The John Fluevog store in Vancouver’s Gastown is an example of how new can be mixed with old and produce great results.

The John Fluevog store in Vancouver’s Gastown is an example of how new can be mixed with old and produce great results.

Nelson’s past must meet its present

Is Nelson's commitment to heritage limiting creativity and the community's future?

Walking through Victoria’s downtown core as a child, I loved looking down at a unique strip of bricks on Government Street.

Each brick had a name on it. The names were of those who founded Fort Victoria, and the line of bricks ran the perimeter of where the old fort stood.

From Market Square to the Inner Harbour and Chinatown — which is the oldest in Canada and only second in age to San Francisco’s in North America — Victoria is saturated in history and heritage.

When I moved to Vancouver after university I immediately found myself drawn to the Gastown neighbourhood, which reminded me of home. But what I loved most about Gastown was the juxtaposition of old and new.

Vancouver has become known as the Emerald City — partially due to its towering green glass buildings — but wedged in between all of those modern skyscrapers are remnants of the city’s past.

One of my favourite examples of this is the John Fluevog shoe store in Gastown. My friends have often heard me refer to the store as a cathedral of footwear. (I had a bit of a shoe obsession before moving to the mountains and trading my high heels for Birkenstocks.)

It is a beautiful glass building sandwiched between two heritage buildings; a wonderful example of old married with new.

In my time in Nelson I have fallen in love with the heritage and history of the community, but I’m starting to wonder if we’re a bit stuck in the past.

From the nostalgia around the Civic Theatre building to the conversation around the changes to the City’s heritage commissions, it seems as though some people are unwilling to step into the future.

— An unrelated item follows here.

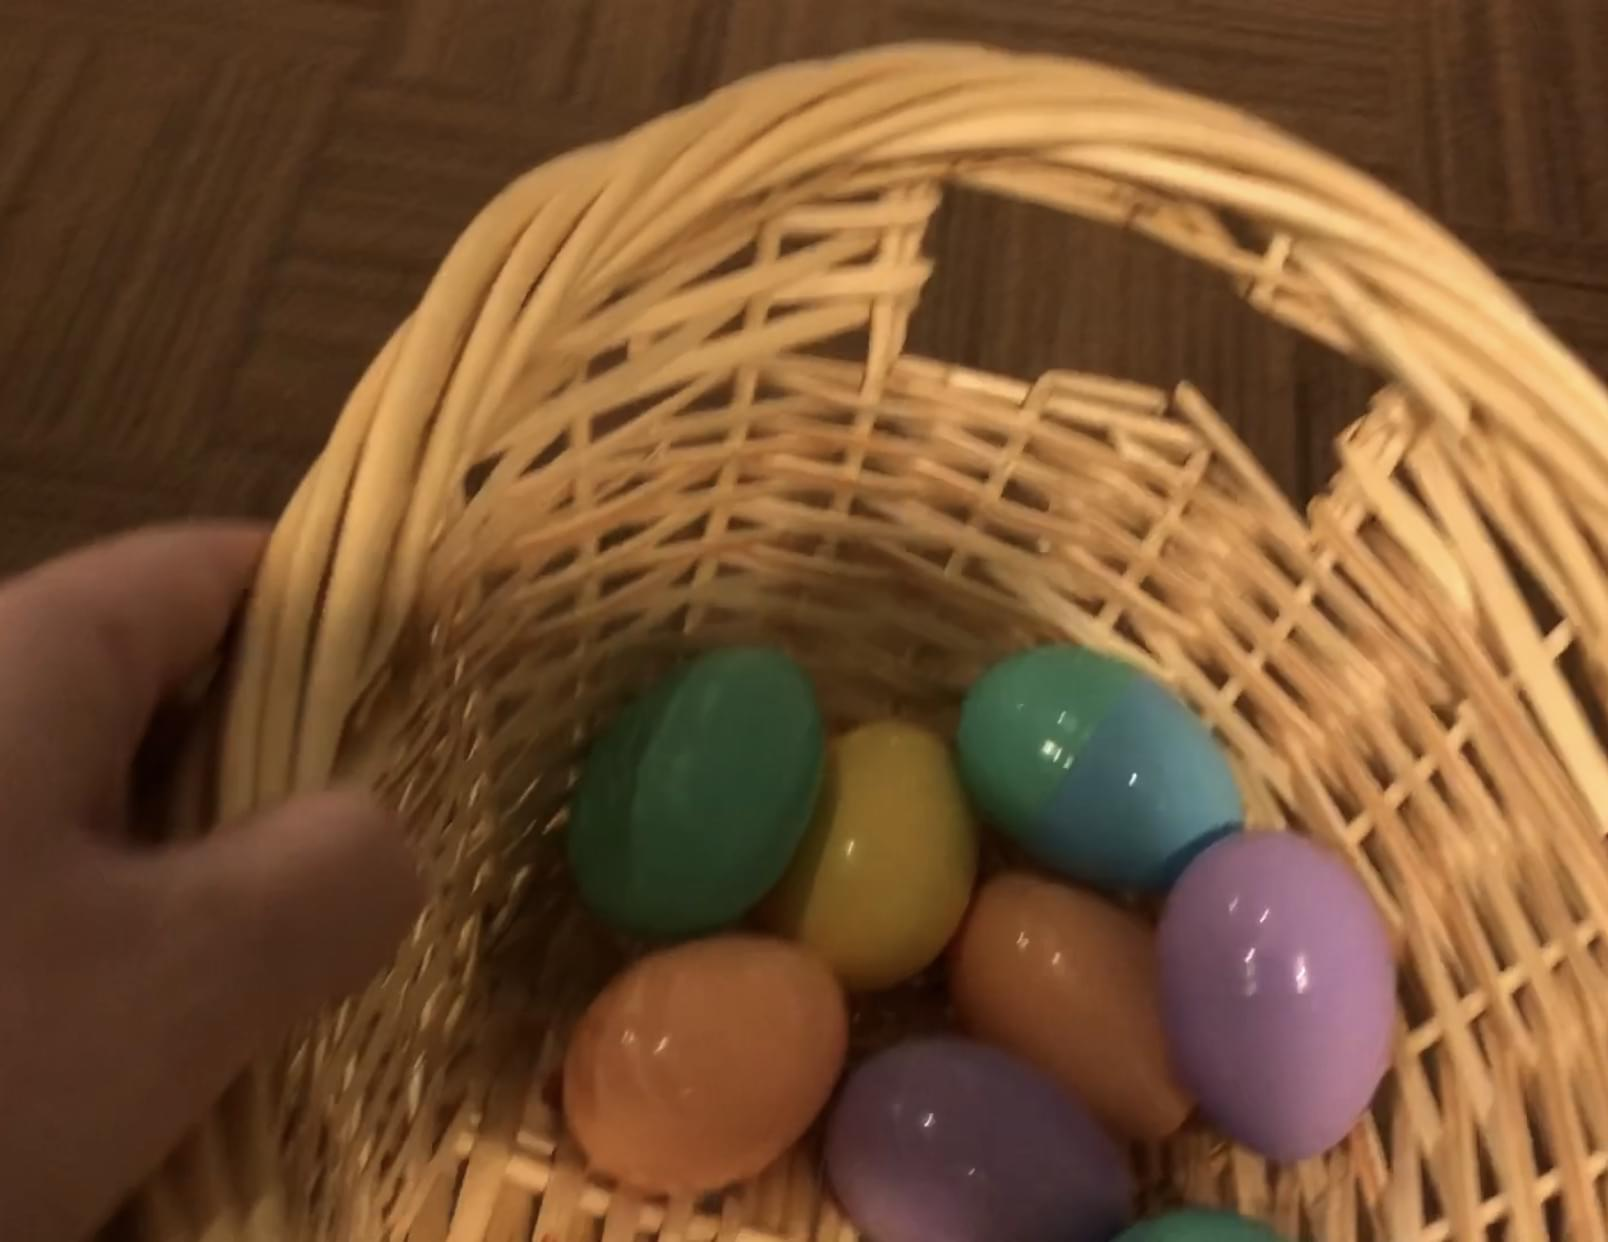 WATCH: Office Easter Egg Hunt

Not all cultural trends are particularly nice to look at — for example the hairdos of Flock of Seagulls or some of Cher’s wardrobe choices — but they were influential and important in terms of artistic and creative expression.

What if architects like Frank Lloyd Wright had been restricted by heritage preservation? He may never have created Fallingwater.

Imagine how much different Seattle Centre would look without the dramatic design of the Experience Music Project/Science Fiction Hall of Fame and Museum.

What would Nelson look like if we opened up our vacant lots to developers with new architectural design ideas mixed with images from our past?

If we truly are a great little arts town, should we really be restricting someone’s creative vision?

Memories and history are important, and need to be recognized and cherished by a community, but we don’t need to create living shrines to the past.

First dates and kisses at the Civic Theatre are important, but perhaps the interests of the community have changed.

Maybe my generation would rather watch movies on NetFlix or AppleTV or go climbing rather than sitting in a movie theatre.

Just because we don’t have a movie theatre in the Civic or incorporate modern architecture into the downtown core, doesn’t mean we don’t respect our heritage.

By firmly labeling Nelson as a heritage community and by deterring design concepts and ideas that stray from the city’s heritage vision, we are also restricting what could be great modern design.

Design, art and architecture of today will be the heritage of tomorrow and by restricting what could be because of what was, we are limiting the legacy we leave to future generations.